Demand for getting signup assistance is high, she said. “We’re booked solid,’’ Posey said late last week. “They want coverage Jan. 1.”
Russ Childers, a longtime insurance agent in Americus, said, “Last year there were a lot of folks that were nervous, uninformed, worried about the coverage, etc. This year those folks are enrolling.”
April Bush, an application counselor in Blakely, also said many uninsured people are showing more interest this time. “A lot of it is word of mouth, people talking to people who had coverage last year. People realize they need to sign up.”
There are still people who have heard bad things about the ACA, also known as Obamacare, Bush said.

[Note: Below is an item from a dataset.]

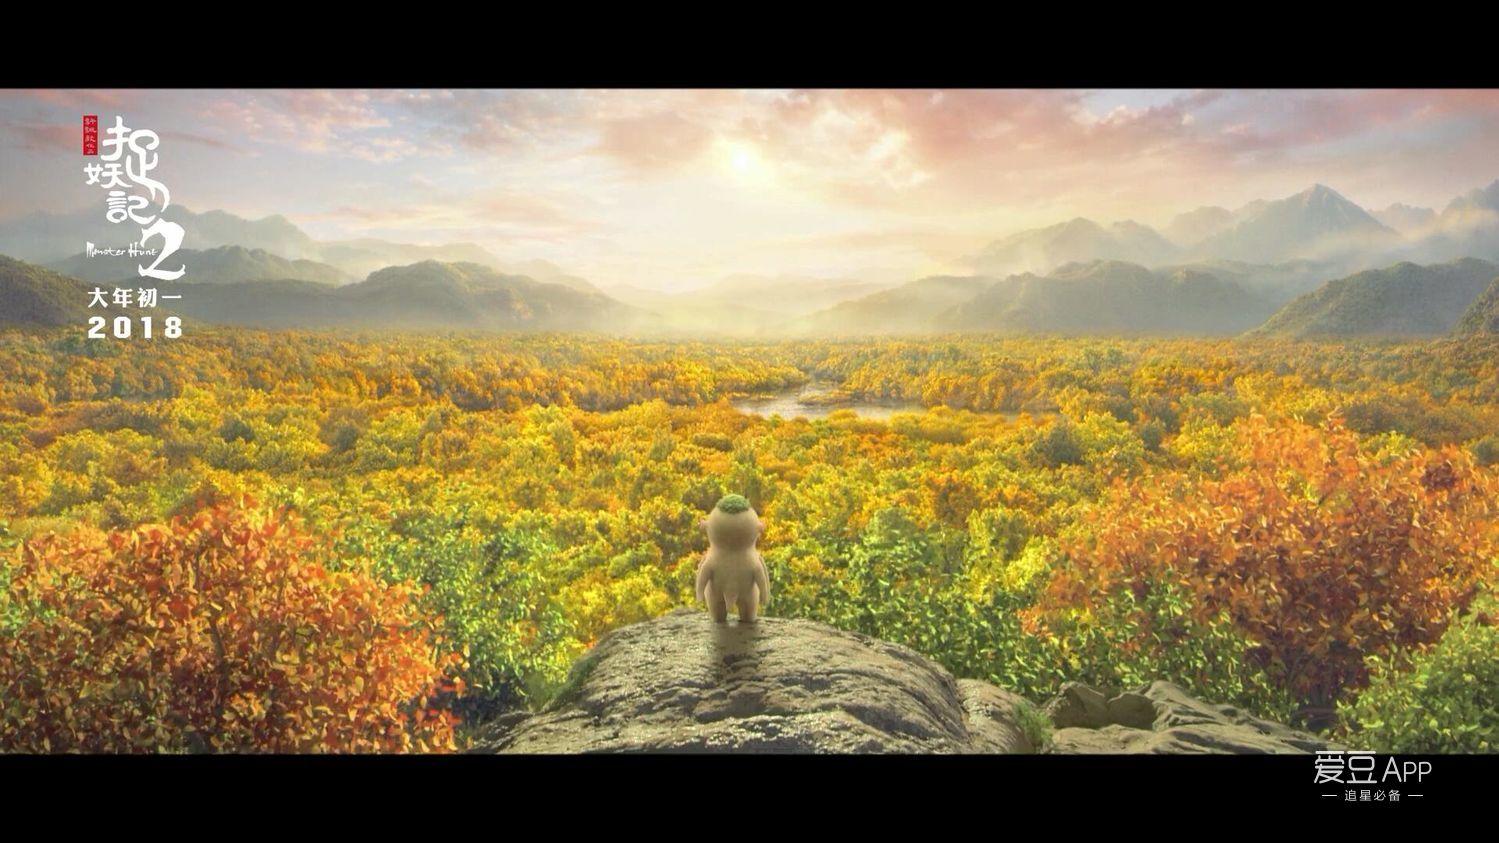 [消息]《捉妖记2》预售票房破2亿 创中国影史首
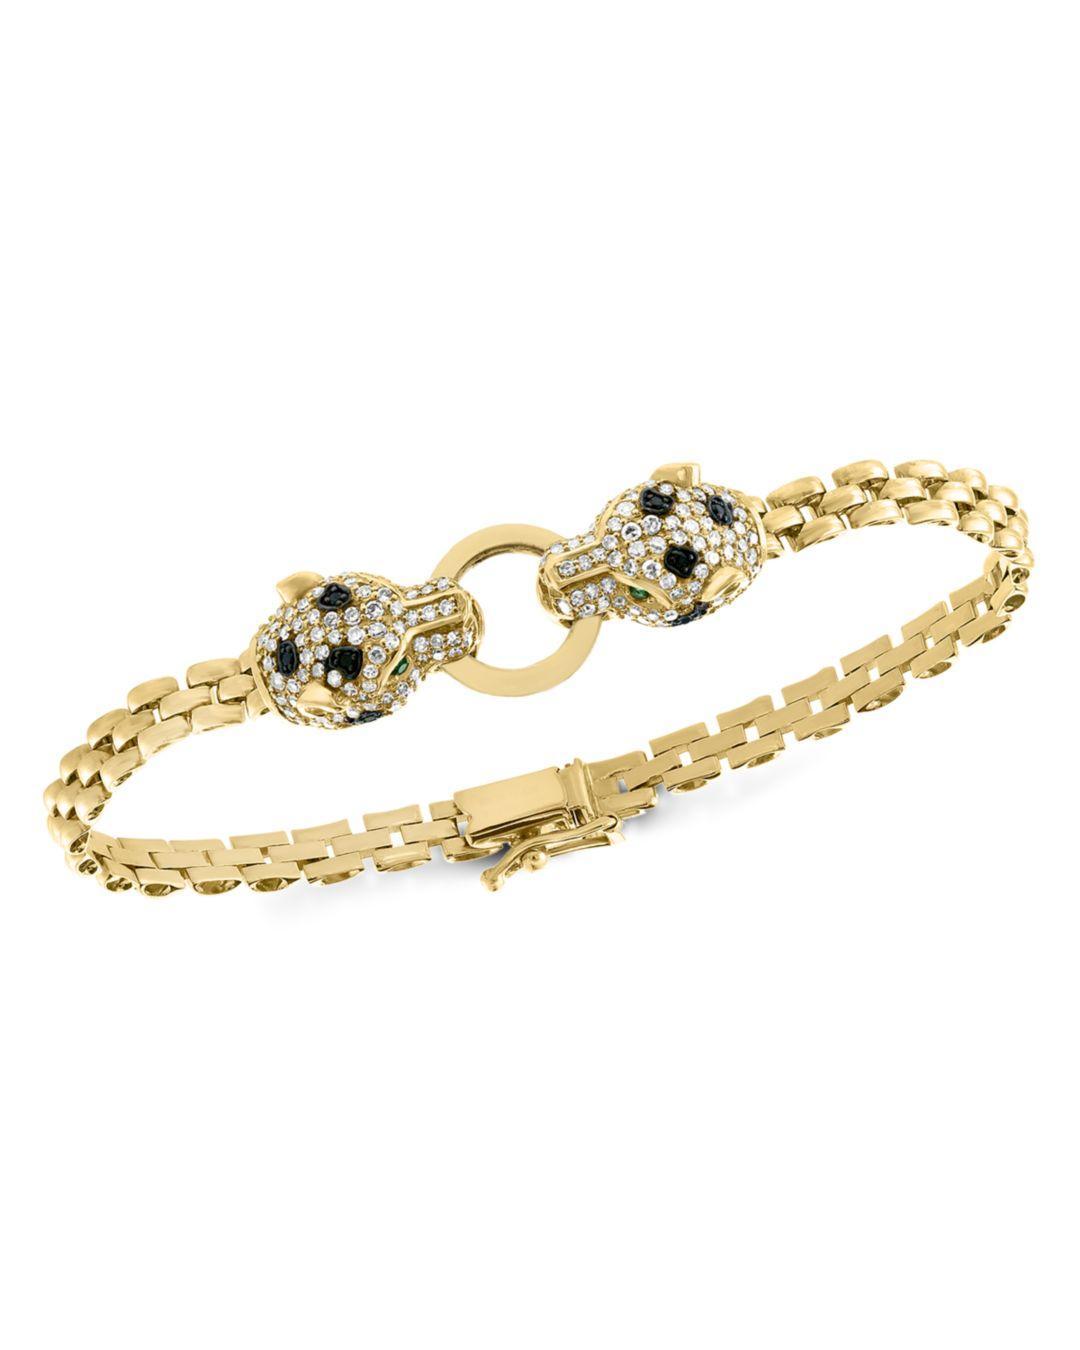 c3bb06fb8 Bloomingdale's. Women's Metallic Black & White Diamond Panther Bracelet In  14k Yellow Gold

“I just say, ‘It helps everyone have access to coverage.’ ”
Open enrollment is a confusing time for many consumers, whether they’re signing up for employer coverage, Medicare or the ACA exchanges.
Monday’s deadline for the ACA is for people who want coverage Jan. 1. People still have till Feb. 15 to sign up for a health plan and avoid the tax penalty.
Don’t hesitate to seek help if you need it.
You can consult a local insurance broker or agent. Go to http://www.nahu.org/consumer/
Another place to go is healthcare.gov, which has a list of navigators or insurance counselors who can offer free help, as well as health clinics that can assist you. This help is free.
Seedco is supplying navigators for Georgia, and consumers and small business owners can call 1-855-899-6092 for assistance. Community Health Works is also providing navigators.
Or you can call the federal consumer assistance center at 800-318-2596.